You may find this article useful, if you are having issue when using multiple VoIP phones on the same network that’s connecting to an external PBX or VoIP server.
Most IP Phones have the local SIP port set at 5060 which is fine and will work perfectly fine most of the times, but you may run into an issuewith some routers which cannot properly route the traffic correctly when using several phones at the same time. The solution is to change the local SIP port, so that each phone uses a unique port number.
Using non-default local ports in your phone settings can avoid many of the most commonly encountered router and firewall related problems.

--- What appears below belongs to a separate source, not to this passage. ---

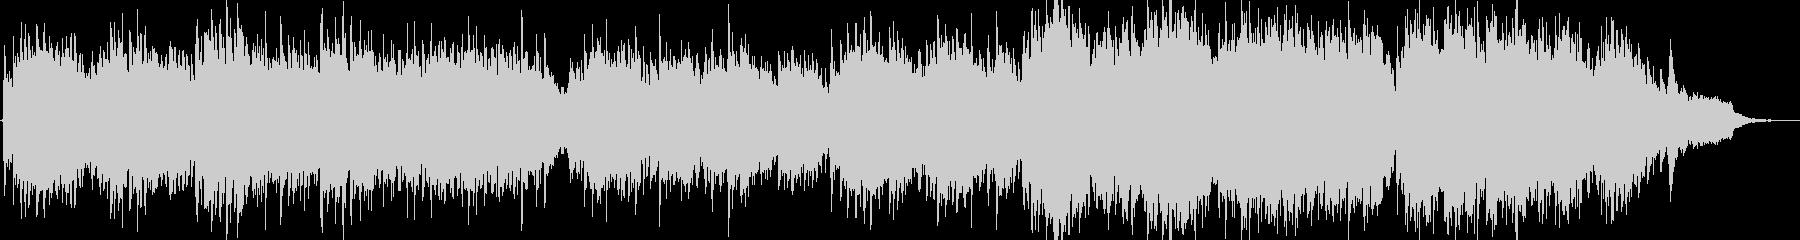 優しいヒーリング曲の未再生の波形

For two or more SIP terminals (VoIP phones) to function reliably behind the same router, each SIP Terminal should use different local UDP ports.
Default settings for most VoIP phones
- Listen SIP Port: 5060
- Listen RTP Port: 5004
So above in normally the default port configuration for most VoIP phones and i highly recommend that you change that to something else. Below are some examples of some other ports that you can use and you can just continue following that pattern, for all the other phones that you have.
Recommended settings for FIRST VoIP phone
- Listen SIP Port: 50160
- Listen RTP Port: 50104
Recommended settings for SECOND VoIP phone
- Listen SIP Port: 50260
- Listen RTP Port: 50204
Recommended settings for THIRD VoIP phone
- Listen SIP Port: 50360
- Listen RTP Port: 50304
If your SIP device requires Start/Min or End/Max port values for RTP traffic, then you can just put a range similar to the pattern below.
- Listen RTP Ports: 50104 - 50114
- Listen RTP Ports: 50204 - 50214
- Listen RTP Ports: 50304 - 50314
The Local SIP Port is sometimes called the ‘SIP Signalling Port‘ or ‘Listen SIP Port‘.
The Local RTP Ports may be called the ‘Audio‘ or ‘Media‘ ports.
By changing the local SIP ports, this should resolve the issues you are probably facing with constant deregistration or unable to register in the first place.